If you cannot tell whether /llms.txt gets requested, you cannot learn much from the implementation.

Monitor crawler behavior after publishing.

llms.txt Checklist

Before publishing:

  • Purpose: the file explains what the site does and which resources matter.
  • Structure: it uses one H1, a short summary, and clear H2 sections.
  • Links: every important link has a useful description.
  • Curation: it lists important pages, not every page.
  • Safety: it contains no private data, keys, or internal URLs.
  • Access: it returns 200 at /llms.txt.
  • Consistency: linked pages are also supported by internal links and sitemap coverage.
  • Monitoring: crawler requests to /llms.txt and linked pages are tracked after publishing.
  • Prompt tests: answer behavior is tested separately from crawler access.
  • Maintenance: the file is updated when important pages change.

Where CrawlConsole Fits

CrawlConsole fits after the file goes live.

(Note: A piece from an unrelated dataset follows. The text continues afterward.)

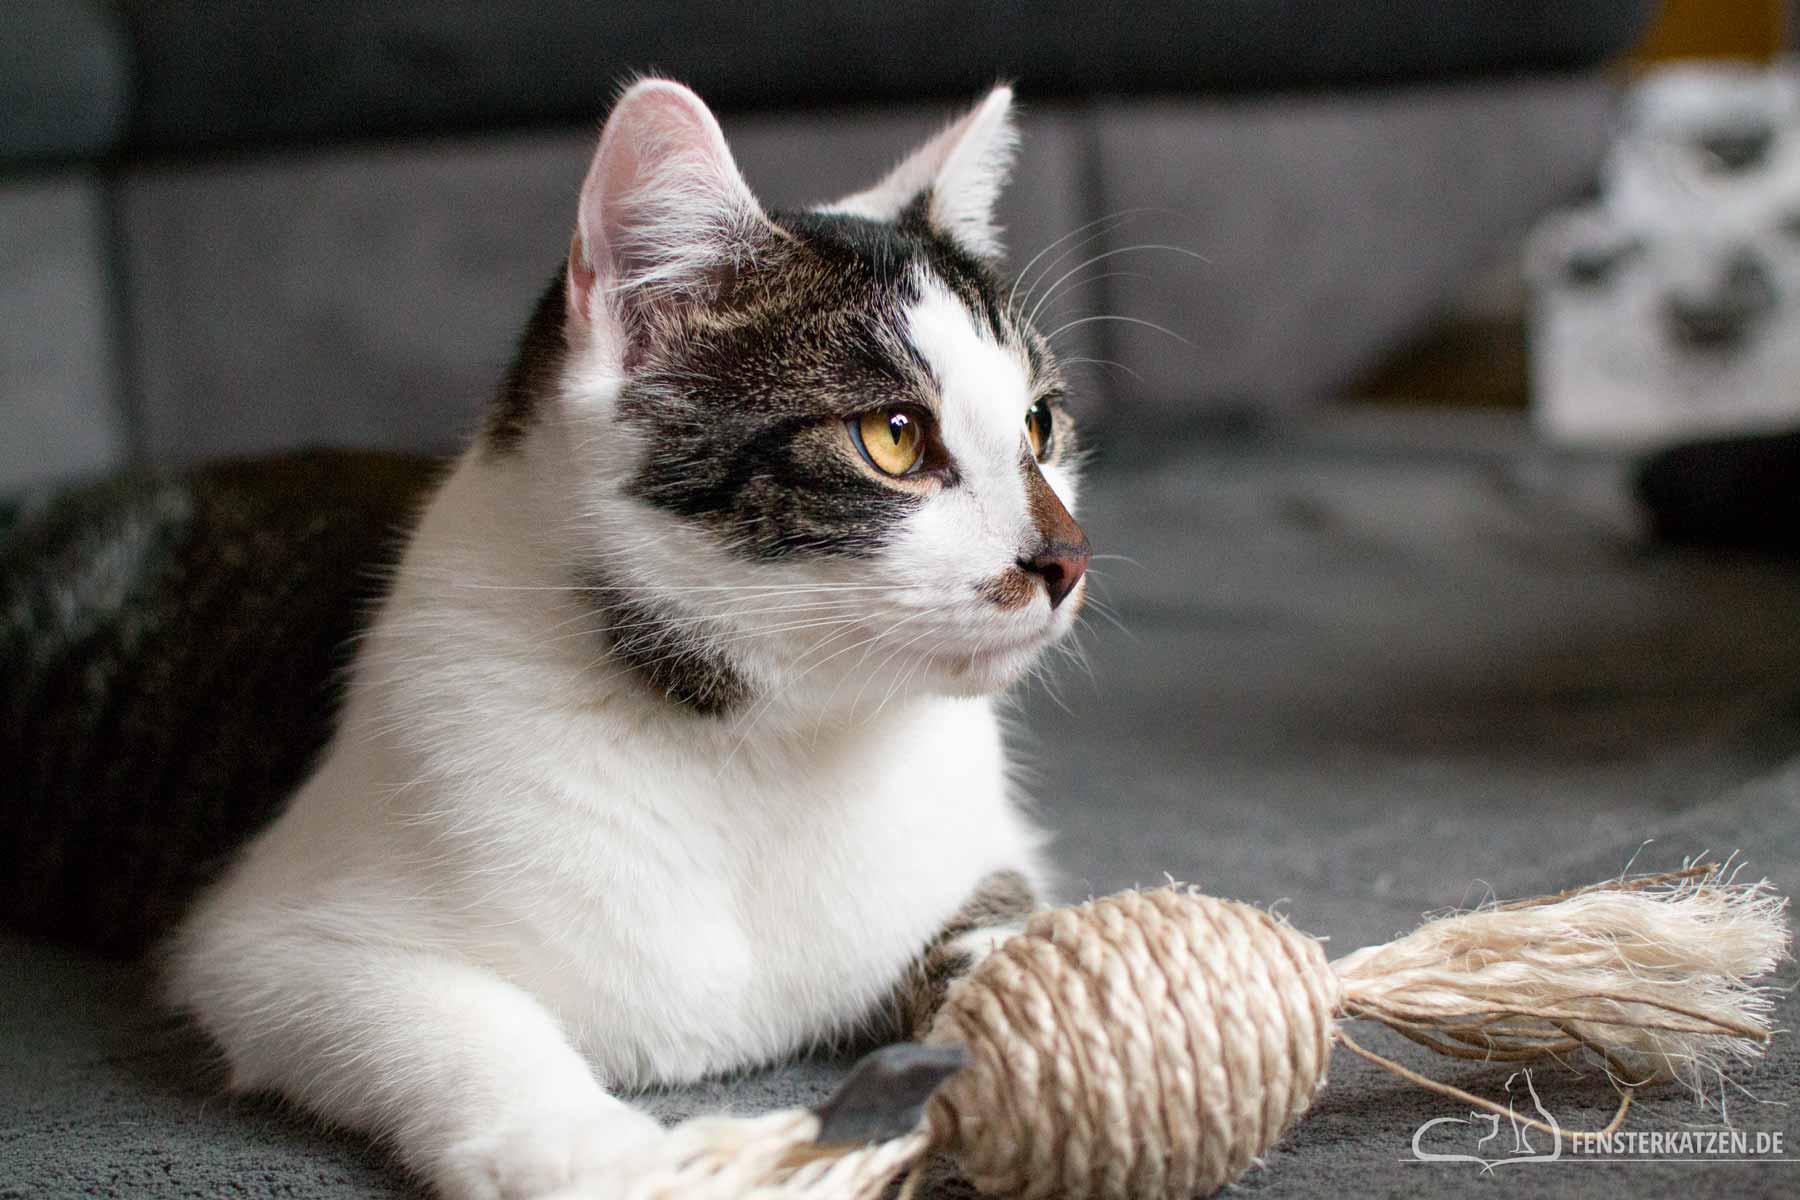 Fensterkatzen-Getestet-Katzenspielzeug-Sisalbonbon-XL-Leylahs-Sisaltraeume-Titelbild

Use Web Crawlers to identify AI crawler user agents.

Then monitor:

  • whether /llms.txt gets requested
  • which crawler requested it
  • whether the crawler received 200
  • whether linked pages were visited after the request
  • whether important pages stayed ignored
  • whether crawler behavior changed after updates

For agent-readable site work, pair llms.txt with WebMCP and the WebMCP Checker.

For MCP discovery workflows, connect relevant pages to MCP Finder.

For content planning, use the workflow in How to Use AI Crawler Logs to Find Content Ideas.

The practical point:

Do not just add llms.txt. Watch what happens after you add it.

The Bottom Line

llms.txt is worth testing if your website has important resources that AI systems should understand.

But it should be treated as an emerging convention, not a guaranteed ranking shortcut.

Use it to provide a curated, readable map of your most important resources.

Then monitor:

  • whether AI crawlers request it
  • whether they receive a clean response
  • whether they visit linked pages
  • whether important pages get revisited
  • whether prompt answers improve over time

That is the difference between adding a file and building an AI crawler visibility workflow.